#### [Work to be completed]
Repeat every line of the data exactly, but not the pictures.

#### [Data shown]
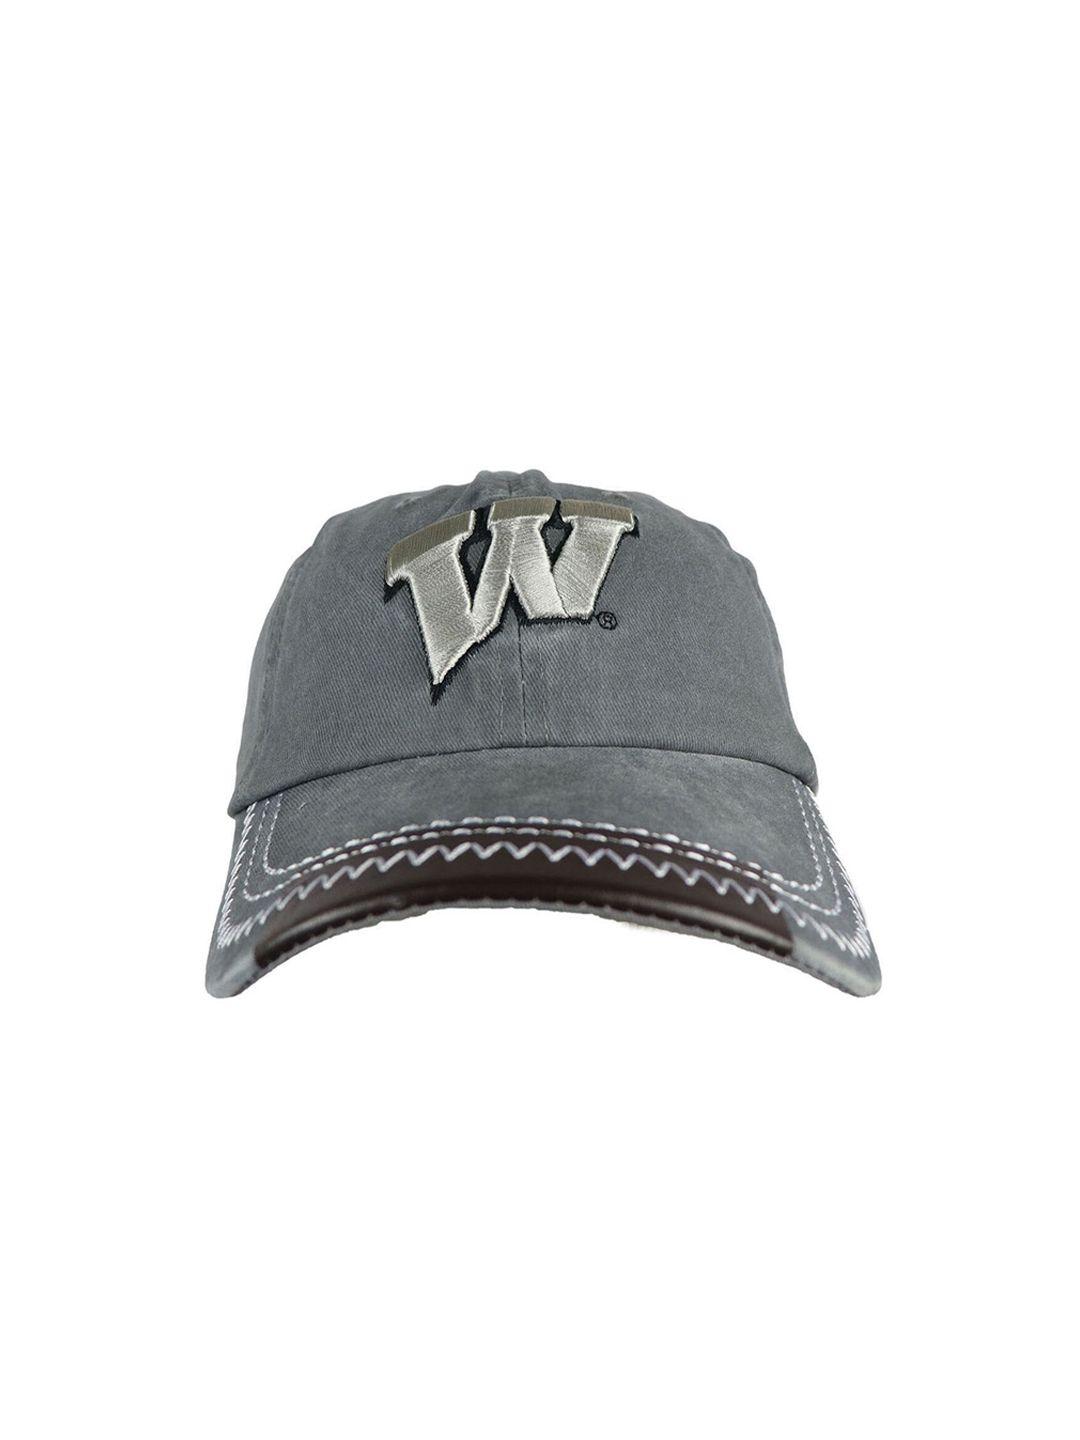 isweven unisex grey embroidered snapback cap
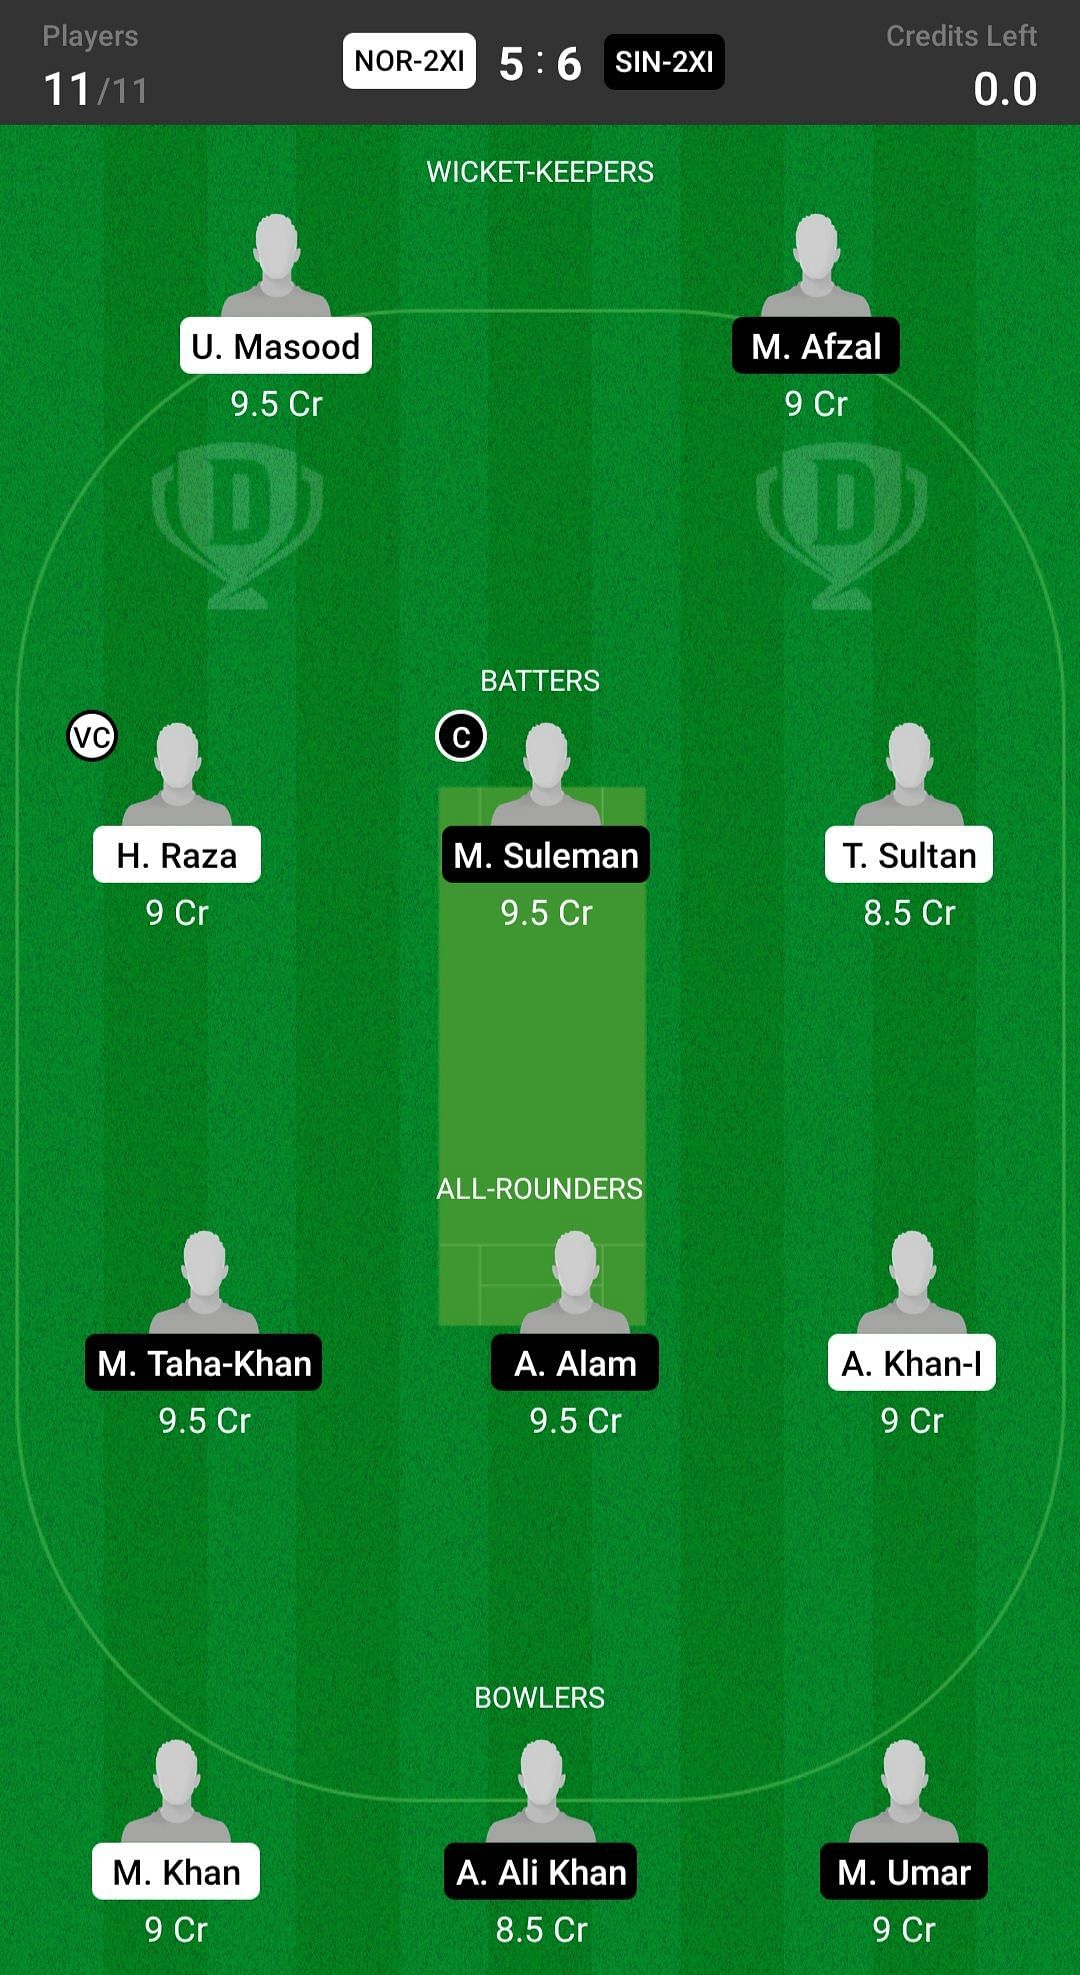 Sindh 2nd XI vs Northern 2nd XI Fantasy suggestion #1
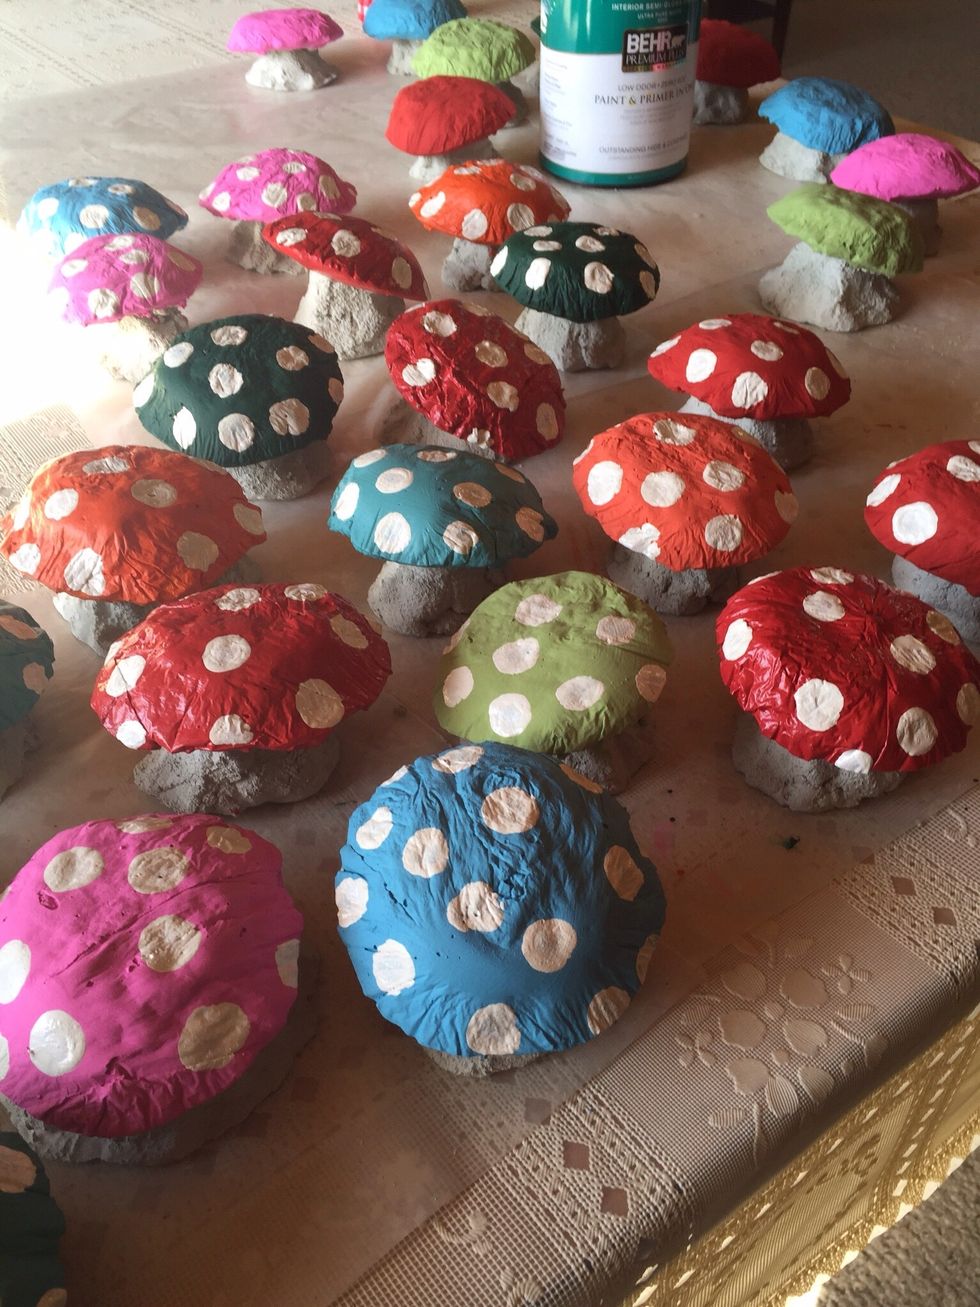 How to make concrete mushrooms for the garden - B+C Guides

#### [Your solution]
 isweven unisex grey embroidered snapback cap
 Sindh 2nd XI vs Northern 2nd XI Fantasy suggestion #1
 How to make concrete mushrooms for the garden - B+C Guides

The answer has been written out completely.